Whooo’s a good gurrrlll!
If you’ve ever trained a pet, you know you have to repeat the commands many times and offer a lot of rewards for correct behavior before the animal learns what you want them to do. It’s kind of similar when training a machine learning algorithm. We have to provide a lot of well labeled examples.
I’ve set up a set of testing folders with the layout like the training folders, but with different images. Let’s load in the training data we saved above and train and test our Support Vector Machine.
load trainingHoGData.mat; classifier = fitcecoc(hogFeatures, trainingLabels); testingFolder = 'C:\Users\rickf\Google Drive\Greenstand\SVM\Testing'; imds = imageDatastore(testingFolder,'IncludeSubfolders',true,'LabelSource','foldernames'); imdsAug = augmentedImageDatastore([300,300],imds,'OutputSizeMode','centercrop' );
Allocate the space for our test data
hogTestFeatures = zeros(length(imds.Files),length(hogFeatures));
Extract the testFeatures
for i = 1:length(imds.Files) try dataTable = readByIndex(imdsAug,i); img = dataTable{1,1}{1}; img = SegmentGreenWithOtsu(img); [testFeatures , ~] = extHoGFeatures(img); hogTestFeatures(i,:) = testFeatures; catch ME disp(ME); end end
Make class predictions using the test features. predictedLabels = predict(classifier, hogTestFeatures); testLabels = imds.Labels; % Tabulate the results using a confusion matrix. [confMat,order] = confusionmat(testLabels, predictedLabels); figure cm = confusionchart(confMat,order); cm.ColumnSummary = 'column-normalized'; cm.RowSummary = 'row-normalized'; cm.Title = 'Plant Image Confusion Matrix';
Matlab gives us a function to create a Confusion Matrix.
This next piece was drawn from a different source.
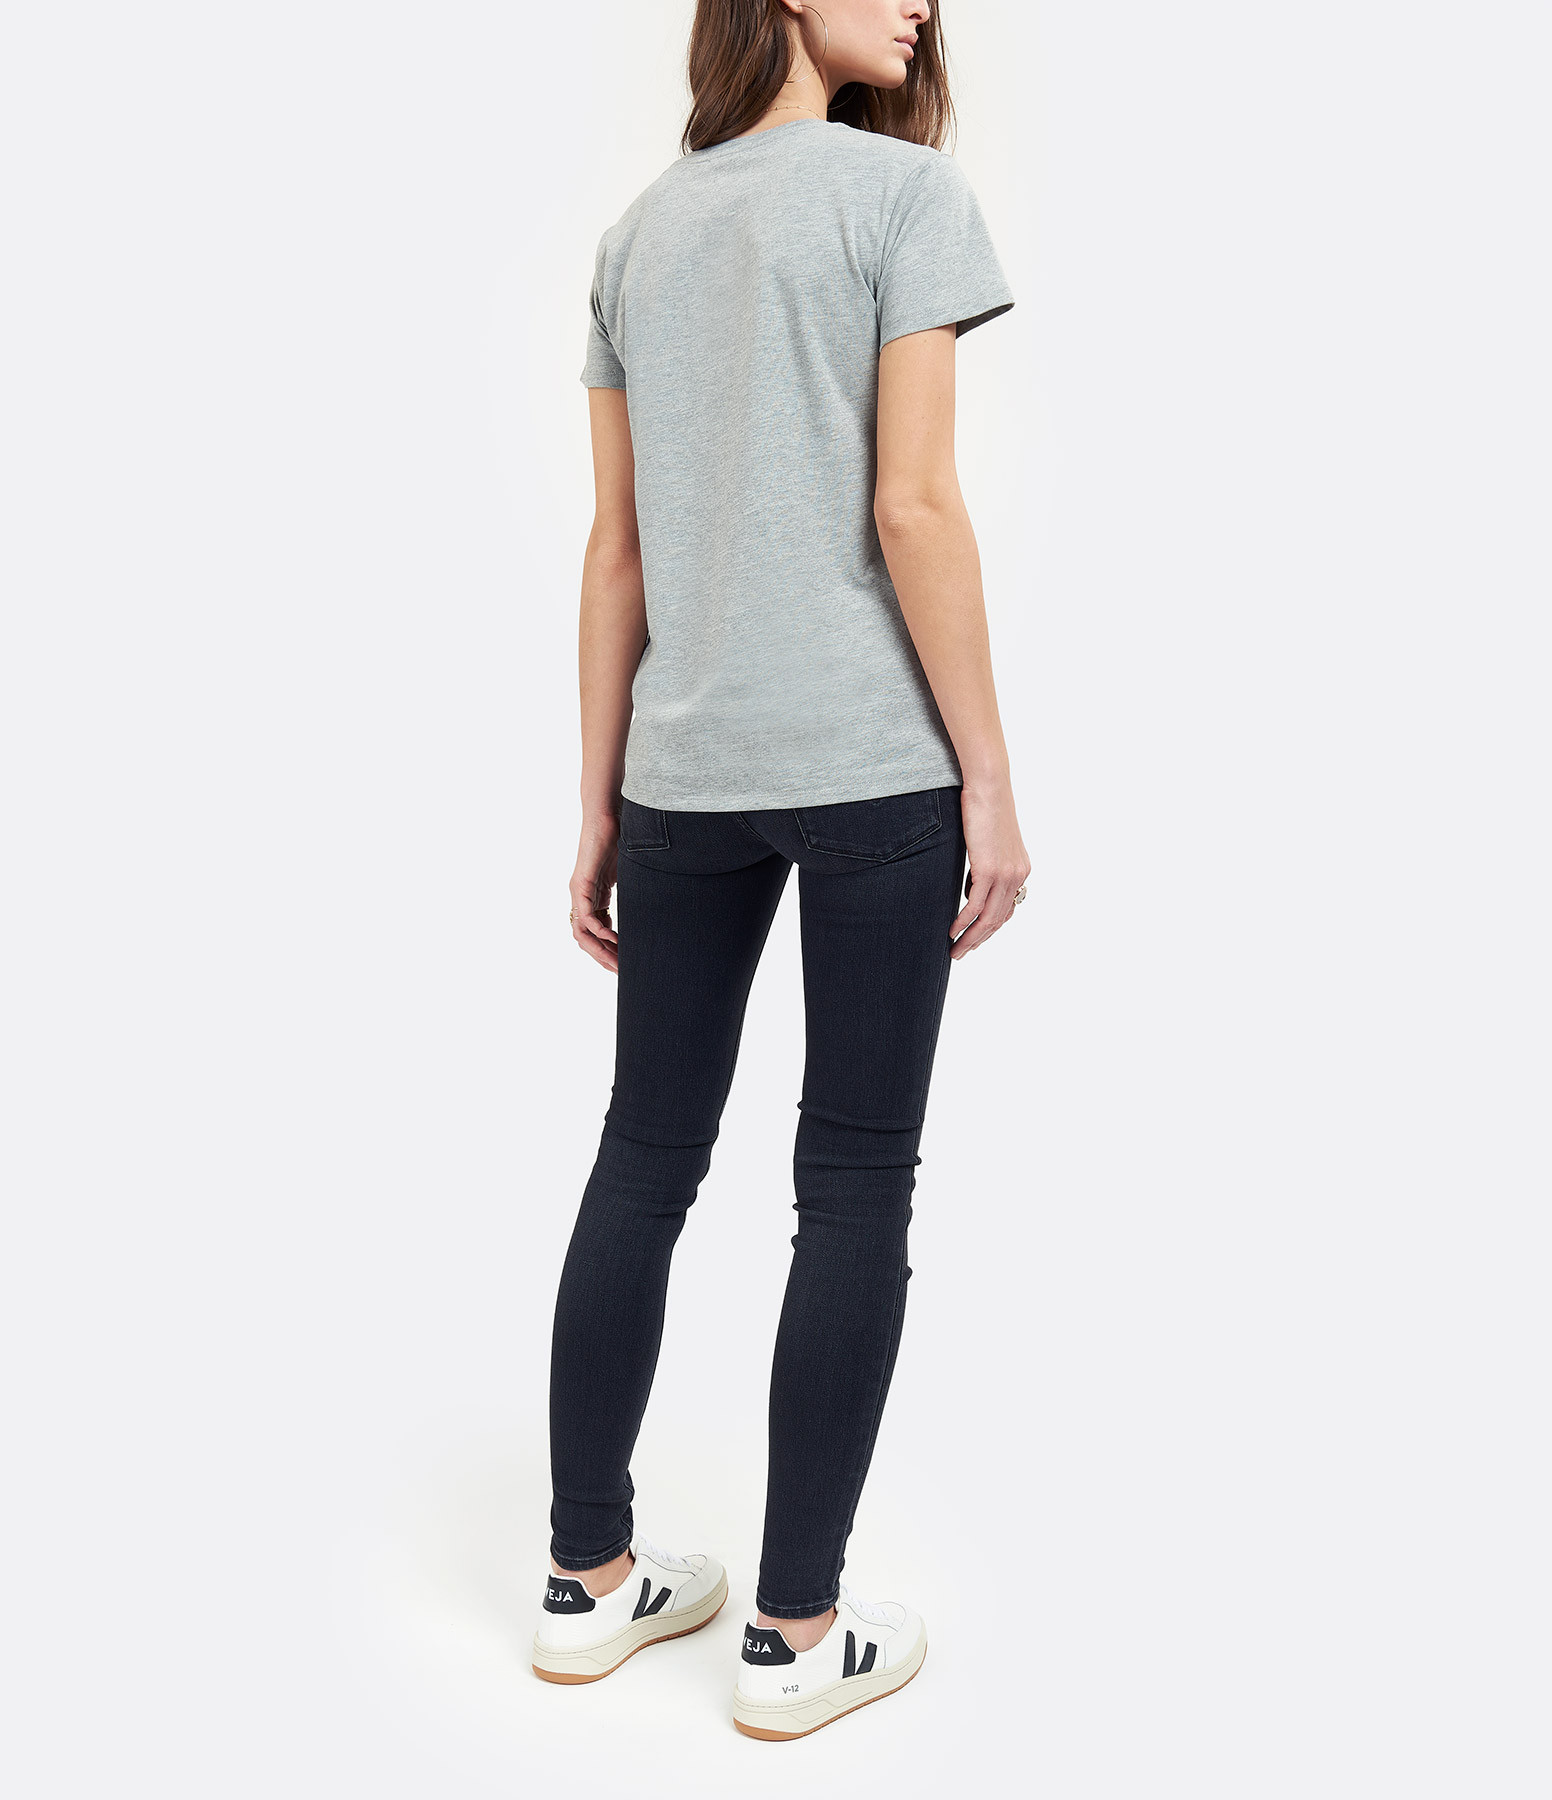 JEANNE VOULAND - Tee-Shirt Devon Venice Gris

The matrix gives us a precise view of what the classifier got right, and what it got wrong. Here we can see we did pretty well, but there are a number of misclassified plants. Ideally we’d like to have the blue diagonal a darker shade. We can probably adjust parameters on our algorithm and data to improve the results.
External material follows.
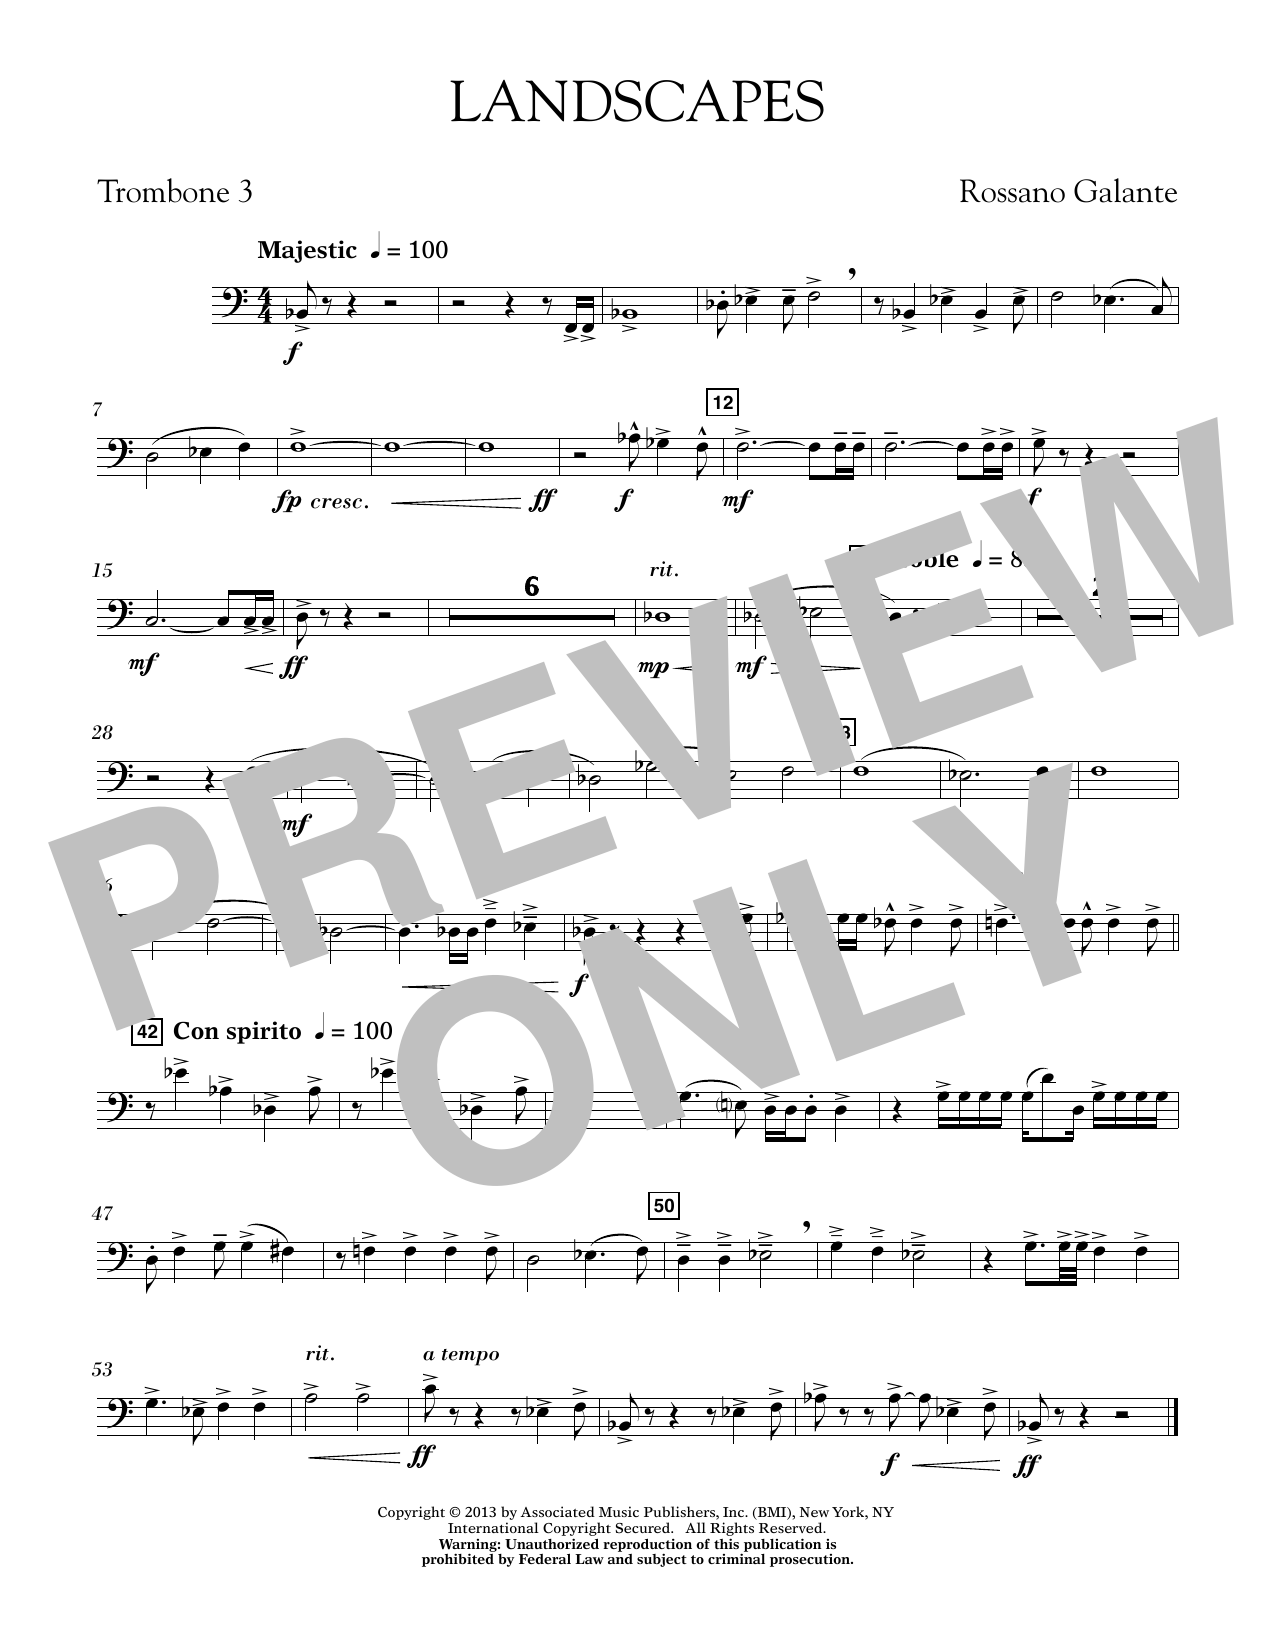 Rosanno Galante Landscapes - Trombone 3 sheet music notes printable PDF score

But let’s move on to the latest advances in Machine Learning – Deep Learning with a Convolutional Neural Network – in the next post. We will see a significant improvement.
References
[Dietterich,Bakiri,95] Thomas G. Dietterich, G. B. (1995). Solving Multiclass Learning Problems via Error-Correcting Output Codes. Journal of Artificial Intelligence Research, 263-268.